The struggle of mankind to move from the darkness into the light has engaged the attention of generations of serious-minded citizens in every quarter of the globe. Century after century there have been individuals who have dared to storm the "gates of heaven" and infuse courage and a larger vision into the thinking of mankind. Side by side with these few, however, has been the deadweight of those who refuse to meet even halfway the responsibility of humanhood. Today the critical nature of decision is a universal challenge — no longer the privilege of the few, but the charge of all. But how to meet that challenge intelligently and wisely?
It is one thing to glimpse a vision of a more enlightened approach, quite another to implement it. The age-old virtues of charity, discrimination, courage, and understanding take years, maybe millennia, to become a solid investment in character. Everywhere men and women are asking themselves: if the battle of light against darkness continues endlessly, what of the use of force in our human relationships? If we see nature using force in her kingdoms, how can we expect man not to use force to bring about his will?
In the process of growth, naturally there is struggle and a conflict of wills. But we can question whether nature ever forces her growth. There is a world of difference between the compulsion of force and the beneficent use of strength. In physical matters, force undoubtedly works, for it takes only a few bulldozers, graders, and earth-movers to "remove a mountain." But in the higher levels of thinking and action, what do we invariably run into when force is applied? Opposition and more opposition, with force pitted against force, and no solution in view. Yes, in every field of human relations we do indeed find force, plenty of it, rearing its massive head: the force of the human will trying to compel change, trying to bulldoze its way through mountains of opposition. But if there are mountains other than those of rock and earth, do they not require implements of the spirit rather than of matter?
No, nature does not force growth. "The mills of God grind slowly, yet they grind exceeding small" — the workings of nature are quiet, yet strong, and while we can take a flower in a hothouse and by the application of forced heat hasten its maturity, in doing so we speed its death. The lifespan of that flower is far shorter than it would otherwise have been if allowed naturally to grow and develop in its own time and place.
If we could view the present turmoil and confusion through the perspective of history, we would see that all growth, all expansion of consciousness, all liberation of the human spirit, have not been forced into being but have accrued slowly through long years and many generations of silent yet potent endeavor. So it could be with nations: if the national wills work with a forceful determination to get benefits for themselves alone, without due consideration of the broad international scene, then we err because force, whether of weapons or words, becomes our medium of arbitration. But if nations would reflect the combined strength of the spiritual will of their respective peoples, we would find, almost automatically because so modest it would seem, that there would be an expression of justice, of good will, and the dignity of a wholesome interchange of viewpoint.

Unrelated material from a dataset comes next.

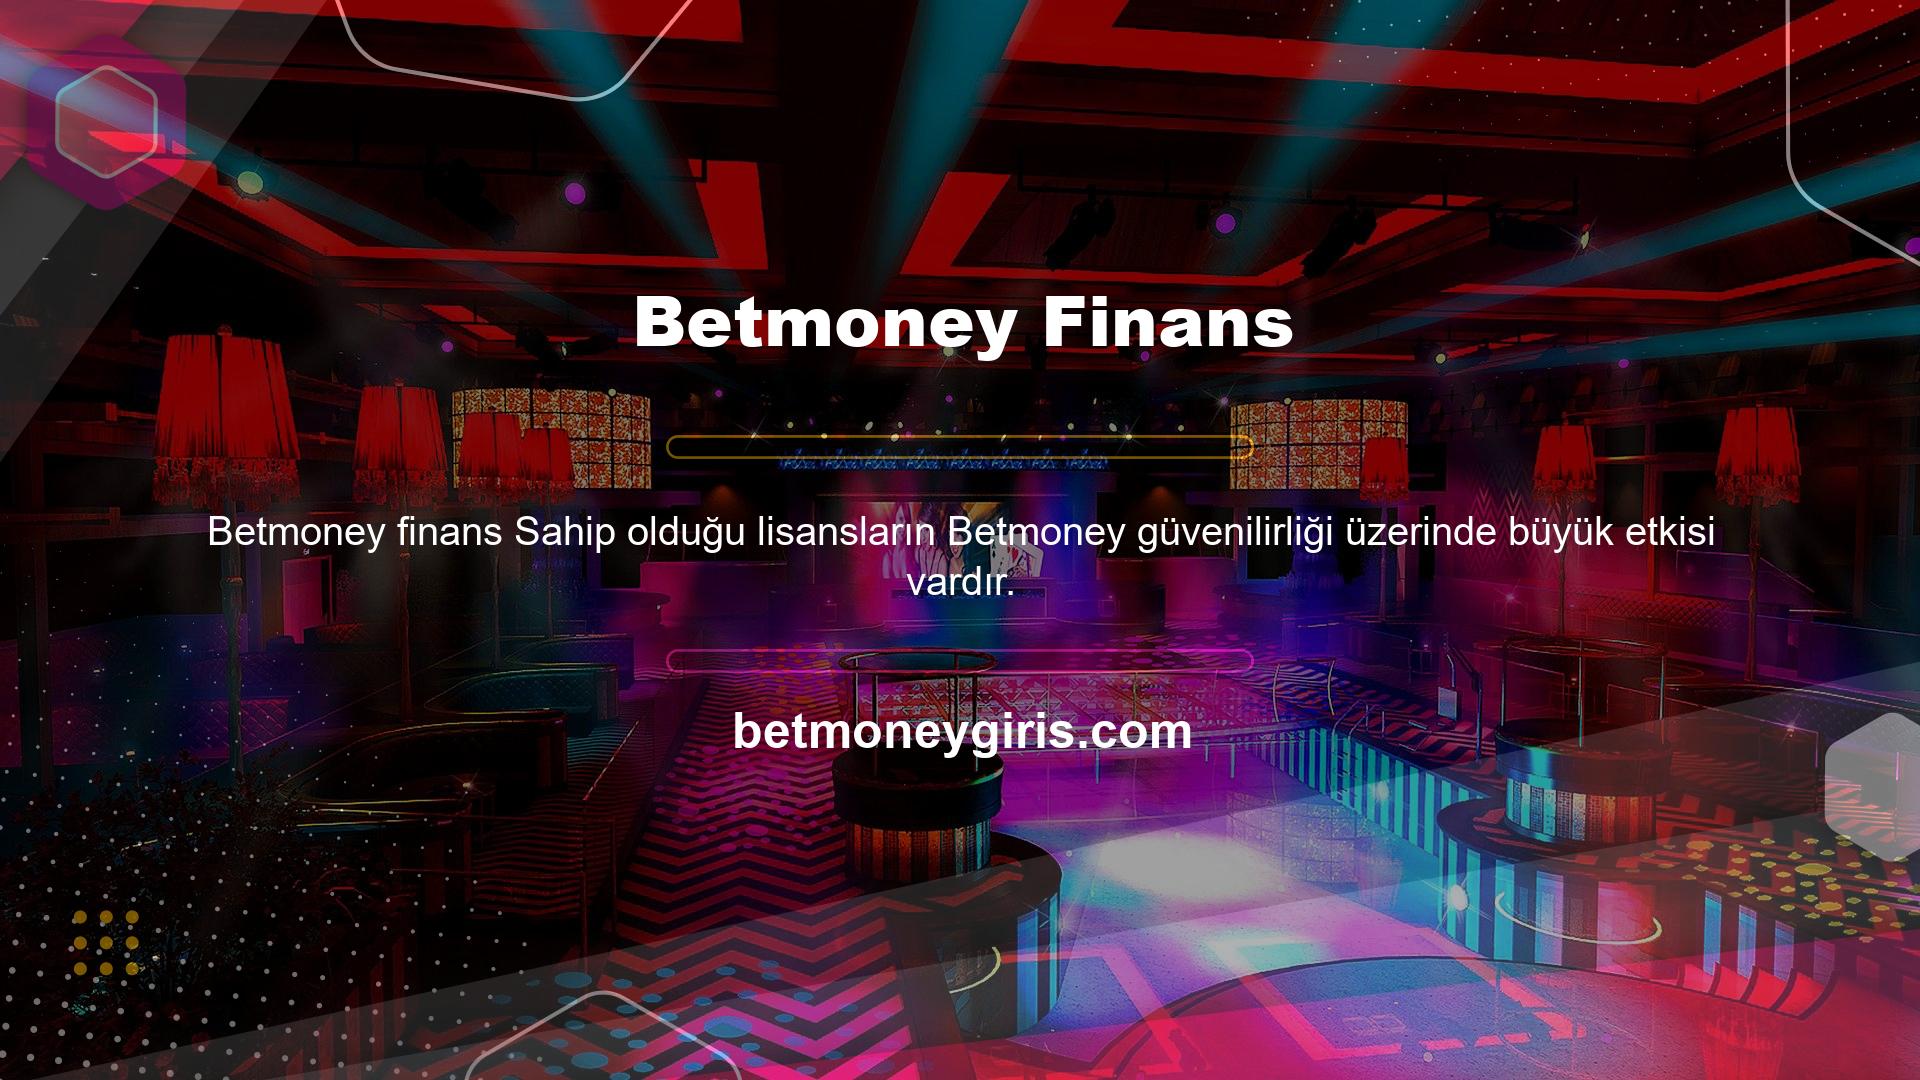 Betmoney Finans

Then the strength of wisdom needed to handle our major diplomatic and international problems would be forthcoming, and force would be seen not only as a fool's investment, but more, an investment in self-destruction.
We all remember the passage in Matthew where Jesus reminds his listeners that "from the days of John the Baptist until now the kingdom of heaven suffereth violence, and the violent take it by force." Should we infer that Jesus meant that we must literally take the kingdom of spiritual things by force? Looking into the original we find that this injunction can with equal accuracy be translated in this way: "The kingdom of the heavens is overpowered, and the strong (of mind) seize it." The verb "overpower," coming from the root bia, in ancient Greek usage signified not only "bodily strength or power," but also "strength of mind." So why not interpret the Master's admonition as "the kingdom of spiritual things must be taken by strength, and those of strong mind seize it."
The hope of the world does not lie in doctrinal religion, in philosophic speculation, nor in scientific experiment. It lies where it has always been: in the courage and the vision of each succeeding generation to move with the tide of progress as it advances from one cycle to the next. We must look ever to the young in heart — not always the young in years, but the young in resilience of spirit — to chart new pathways of achievement so that the generations to follow may continue the upward progress of the human race. The crisis of today is not new — it has been met countless times in ages past, but not in recorded history has there been so overwhelming a concern that our actions be enlightened. With every investment at our command, spiritual, mental, and physical, it would seem that victory would be simple. Yet there remains ever the natural timidity of human nature to cast off the old and seize with strength the kingdom of the new. There still are Nicodemuses who stand aloof, by their own choice, outside the circle of active responsibility; and the rich young rulers who, feeling the pull of truth yet prefer their bonds, the "riches" of their vested thought-vehicles, and thus deny themselves the privilege of joining the vanguard.
People today, however, are proving that there is a deep fund of unselfishness in their natures, coupled with a desire to do something creative with their lives. The dominant quality is a self-reliance of spirit and mind that no longer will accept tired literalisms of religious dogma, but is pioneering new frontiers in moral and spiritual values. The legacy of the "kingdom of heaven" is theirs — not for liquidation through force, but held in trust for the "strong of mind" to seize — a legacy of freedom of thought, of action, and most important, a legacy of freedom in spiritual aspiration.